ScyllaDB performance is significantly decreased in AWS Graviton for mixed operation

49 views
Skip to first unread message

Uttam Giri

<uttameast@gmail.com>
unread,
May 4, 2023, 12:34:47 PM5/4/23
to ScyllaDB users

Hello, We conducted performance measurements on scyllaDB in AWS Graviton and found that the throughput Ops/sec is significantly decreased when the Consistency level is set to ALL or Quorum for the Mixed Scenario (which involves both READ and WRITE Operations). However, we did observe an improvement in performance when using Consistency level ONE or TWO. Are there any potential solutions or workarounds for this issue?
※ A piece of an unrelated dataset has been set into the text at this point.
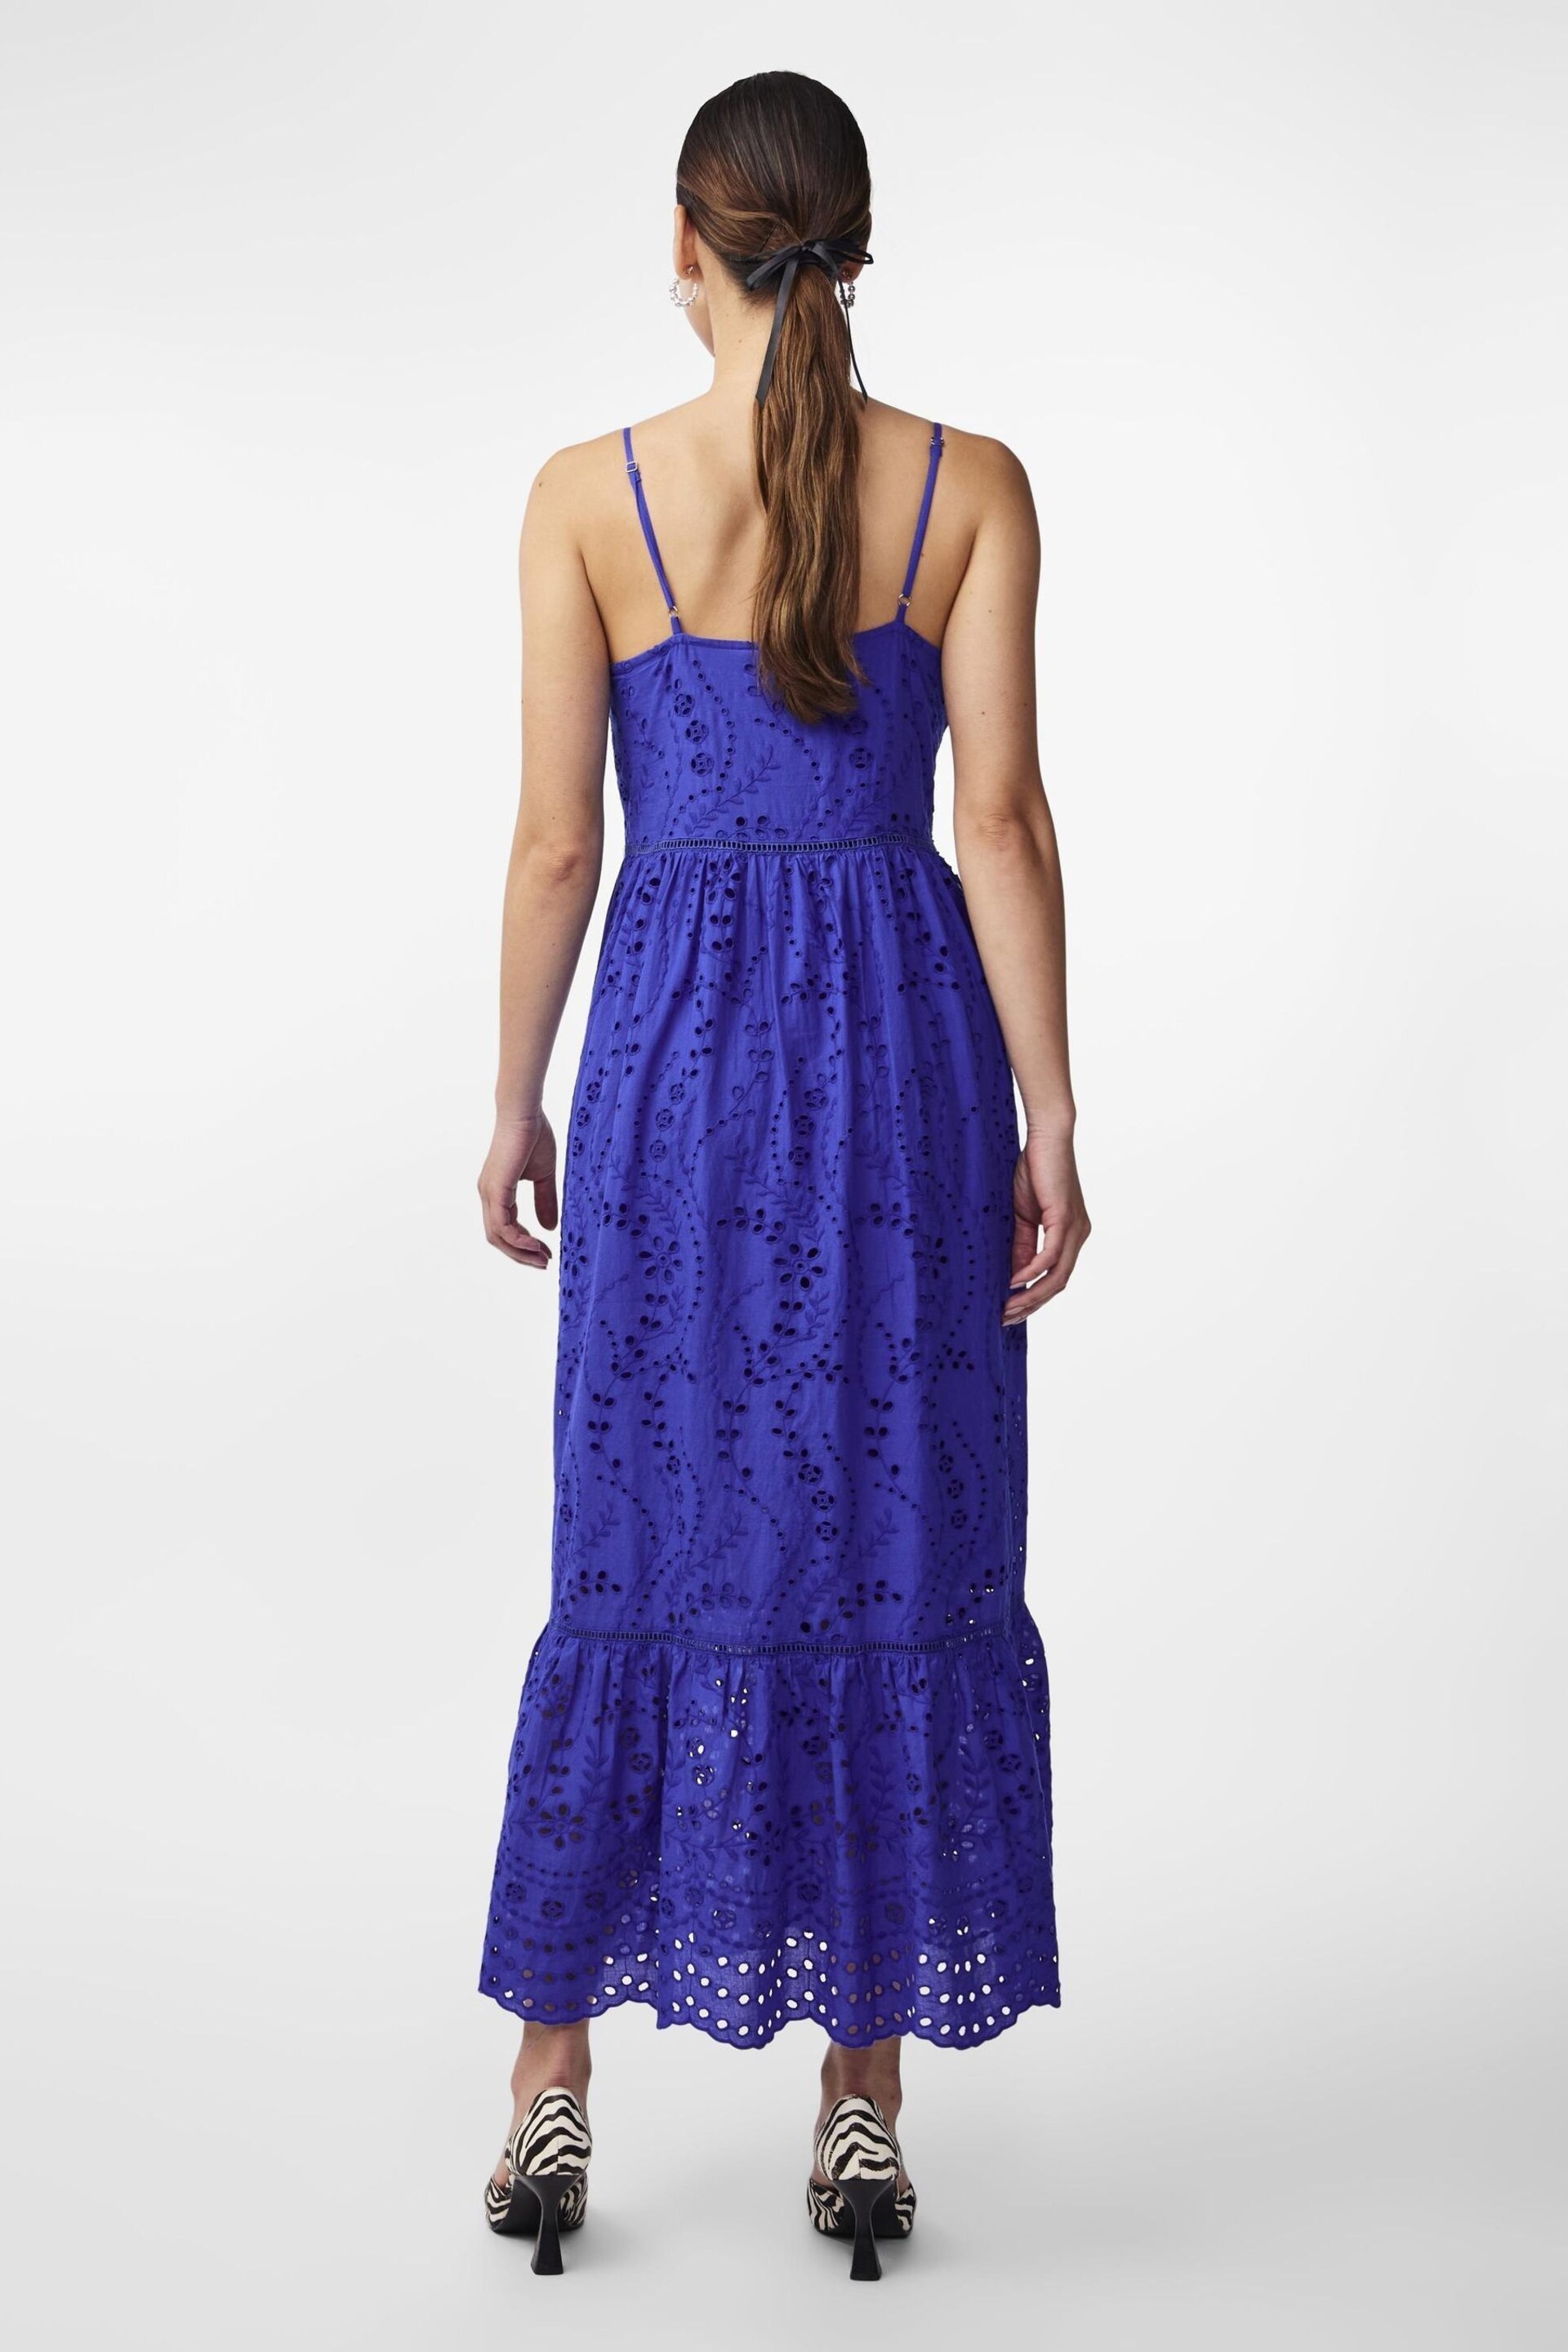 Y.A.S Blue Broderie Maxi Sun Dress - Image 2 of 3
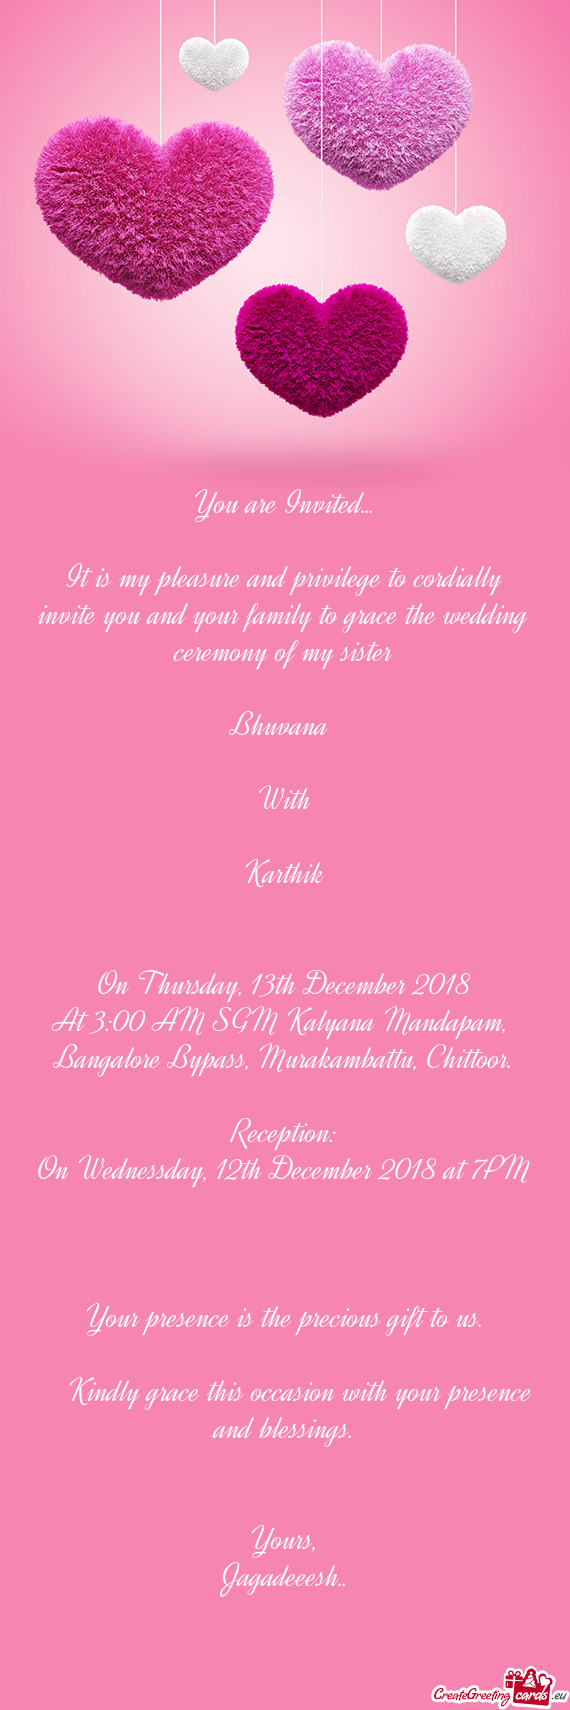 It is my pleasure and privilege to cordially invite you and your family to grace the wedding ceremon

Please note the following details:

Scylla version: 5.2.0~rc4-0.20230402.d70751fee3f9

Instance type: AWS Graviton3

Performance tool: - Cassandra Stress Tool


Thank you.

Avi Kivity

<avi@scylladb.com>
unread,
May 4, 2023, 1:10:19 PM5/4/23
to scylladb-users@googlegroups.com
It's impossible to say anything given the lack of details.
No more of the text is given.